Re: [RFC v2 16/32] x86/tdx: Handle MWAIT, MONITOR and WBINVD

From: Kuppuswamy, Sathyanarayanan
Date: Mon May 10 2021 - 22:44:39 EST




On 5/10/21 7:17 PM, Andi Kleen wrote:
To prevent TD guest from using MWAIT/MONITOR instructions,
support for these instructions are already disabled by TDX
module (SEAM). So CPUID flags for these instructions should
be in disabled state.
Why does this not result in a #UD if the instruction is disabled by
SEAM?

It's just the TDX module (SEAM is the execution mode used by the TDX module)

If it is disabled by the TDX Module, we should never execute it. But for some
reason, if we still come across this instruction (buggy TDX module?), we add
appropriate warning in #VE handler.



How is it possible to execute a disabled instruction (one
precluded by CPUID) to the point where it triggers #VE instead of #UD?

That's how the TDX module works. It never injects anything else other than #VE. You can still get other exceptions of course, but they won't come from the TDX module.

After the above mentioned preventive measures, if TD guests still
execute these instructions, add appropriate warning messages in #VE
handler. For WBIND instruction, since it's related to memory writeback
and cache flushes, it's mainly used in context of IO devices. Since
TDX 1.0 does not support non-virtual I/O devices, skipping it should
not cause any fatal issues.
WBINVD is in a different class than MWAIT/MONITOR since it is not
identified by CPUID, it can't possibly have the same #UD behaviour.
It's not clear why WBINVD is included in the same patch as
MWAIT/MONITOR?

Because these are all instructions we never expect to execute, so nothing special is needed for them. That's a unique class that logically fits together.

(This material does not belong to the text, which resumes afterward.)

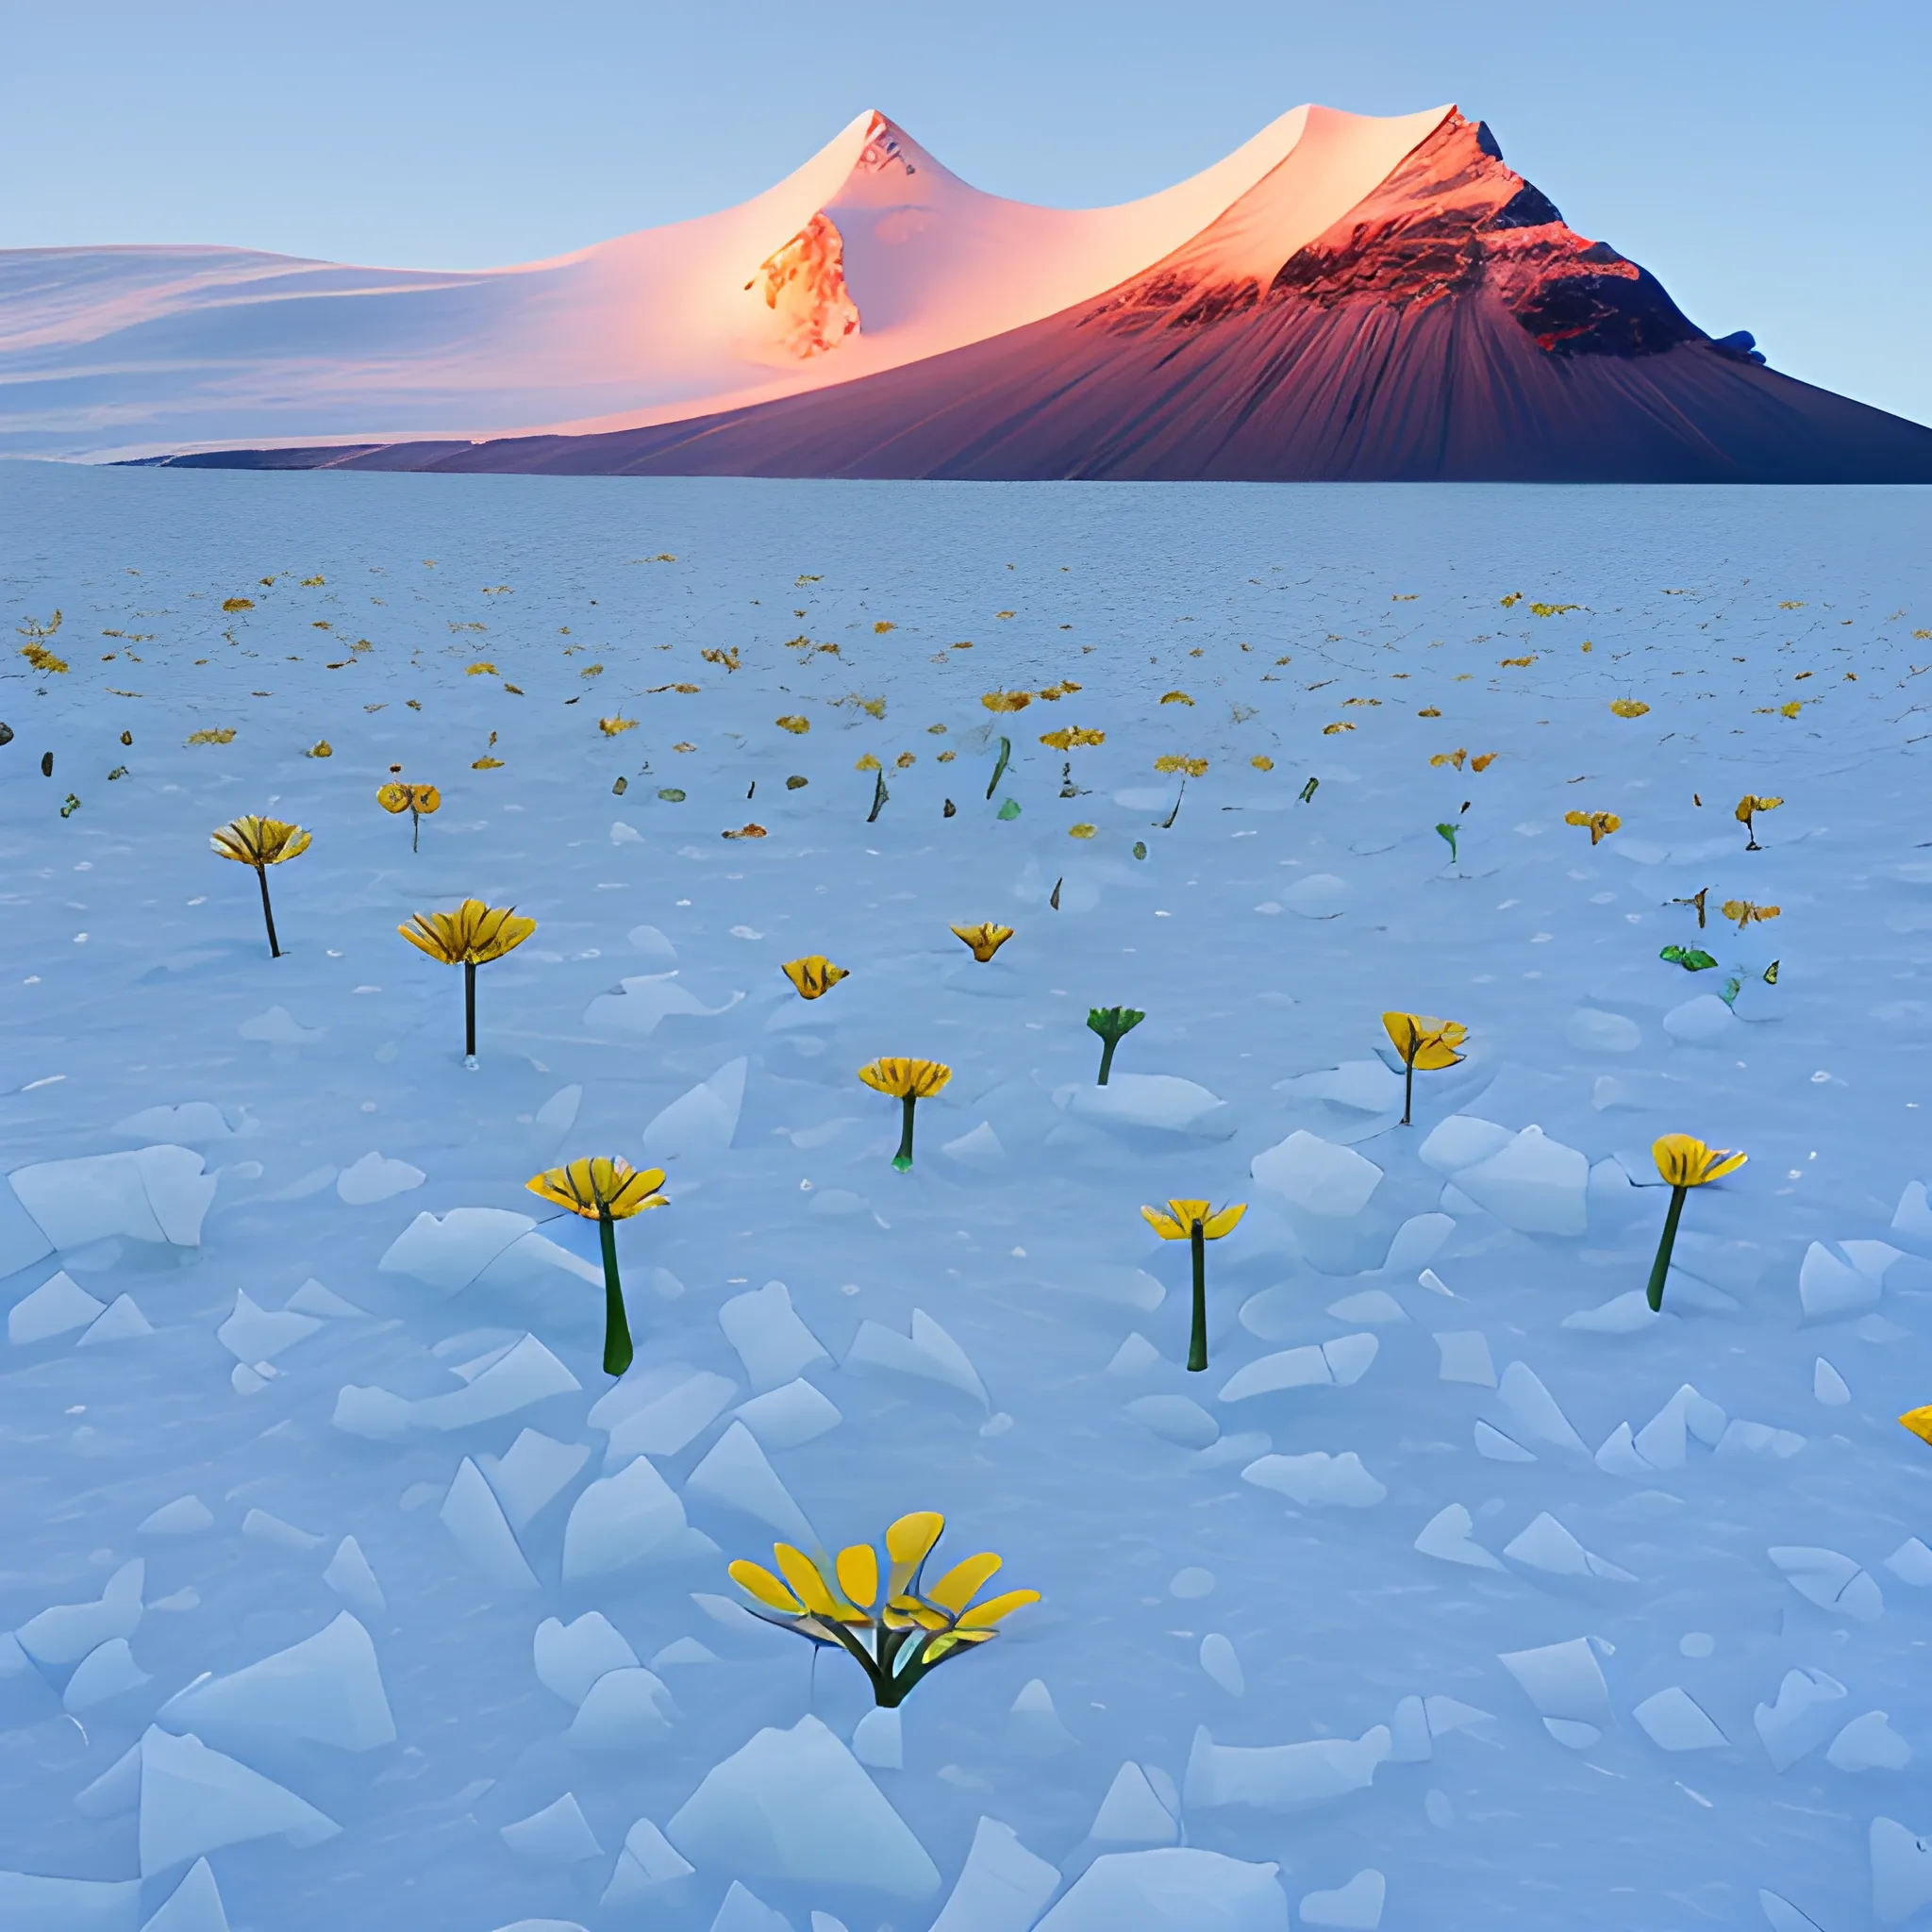 flowers on Antarctic

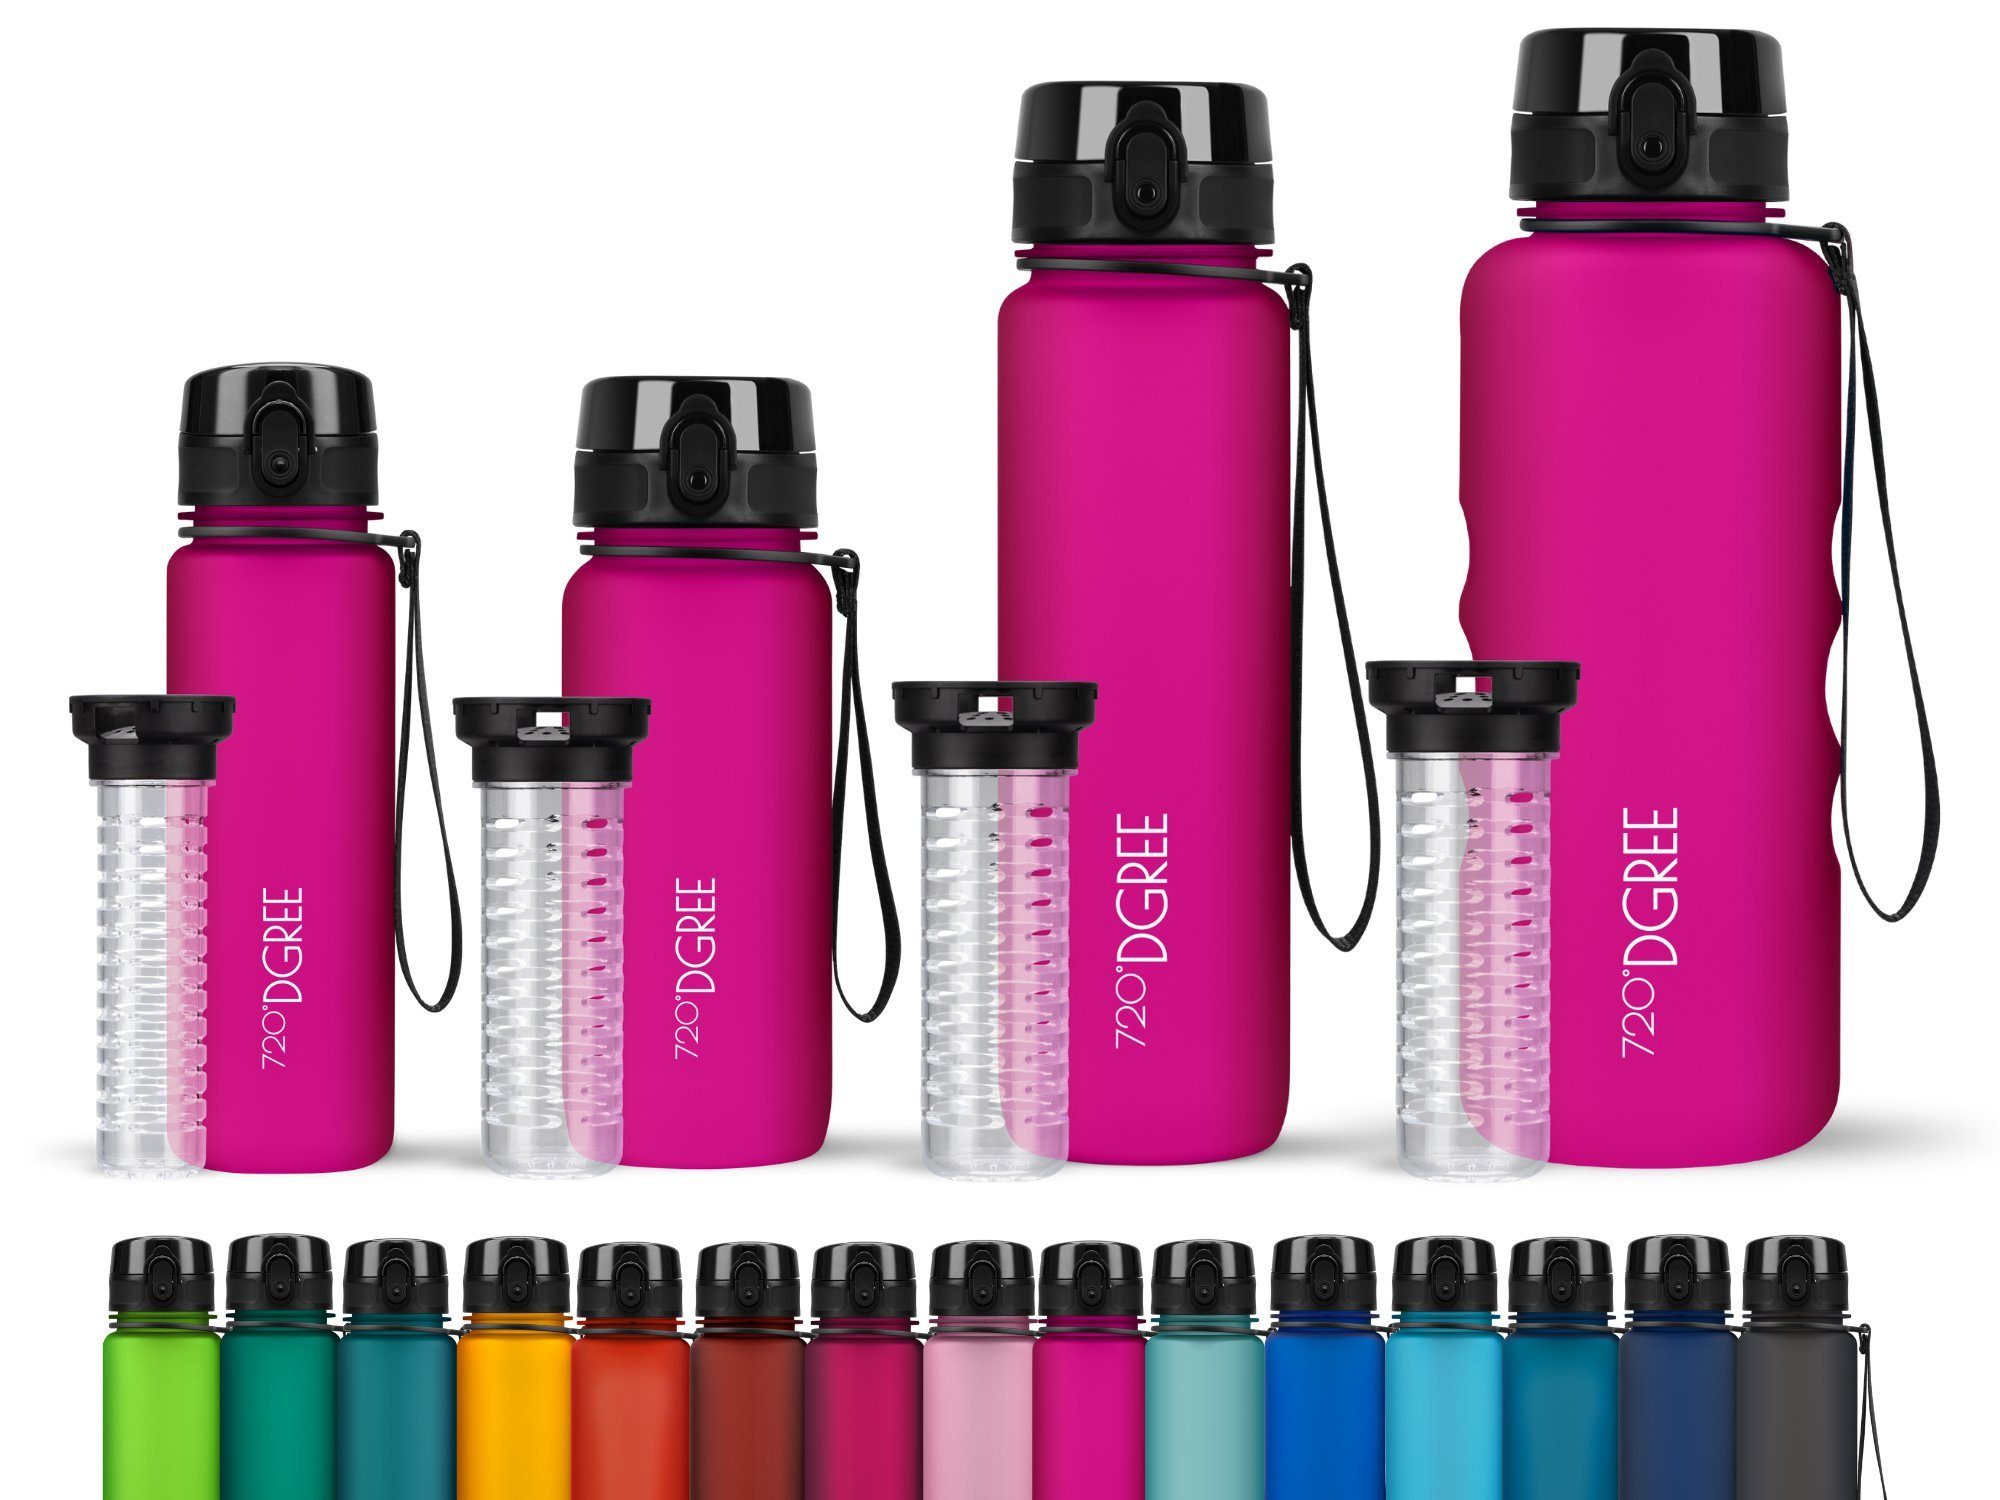 Wasserflasche 1,5 l fuchsia Schule, Sport uberBottle Früchtebehälter, Fahrrad Outdoor, und 500ml,650ml,1 auslaufsicher liter, 720°DGREE mit Trinkflasche Sportflasche pink für

Yes, for all these three instruction we don't need any special
handling code. So they are grouped together.




I disagree with the assertion that WBINVD is mainly used in the
context of I/O devices, it's also used for ACPI power management
paths.

You mean S3? That's of course also not supported inside TDX.


  WBINVD dependent functionality should be dynamically disabled
rather than warned about.

Does a TDX guest support out-of-tree modules?  The kernel is already
tainted when out-of-tree modules are loaded. In other words in-tree
modules preclude forbidden instructions because they can just be
audited, and out-of-tree modules are ok to trigger abrupt failure if
they attempt to use forbidden instructions.

We already did a lot of bi^wdiscussion on this on the last review.

Originally we had a different handling, this was the result of previous feedback.

It doesn't really matter because it should never happen.



But to let users know about its usage, use
WARN() to report about it.. For MWAIT/MONITOR instruction, since its
unsupported use WARN() to report unsupported usage.
I'm not sure how useful warning is outside of a kernel developer's
debug environment. The kernel should know what instructions are
disabled and which are available. WBINVD in particular has potential
data integrity implications. Code that might lead to a WBINVD usage
should be disabled, not run all the way up to where WBINVD is
attempted and then trigger an after-the-fact WARN_ONCE().

We don't expect the warning to ever happen. Yes all of this will be disabled. Nearly all are in code paths that cannot happen inside TDX anyways due to missing PCI-IDs or different cpuids, and S3 is explicitly disabled and would be impossible anyways due to lack of BIOS support.

We have added WARN to let user know about its usage and fix it. By default we should
never hit this path.






The WBINVD change deserves to be split off from MWAIT/MONITOR, and
more thought needs to be put into where these spurious instruction
usages are arising.

I disagree. We already spent a lot of cycles on this. WBINVD makes never sense in current TDX and all the code will be disabled.



-Andi


--
Sathyanarayanan Kuppuswamy
Linux Kernel Developer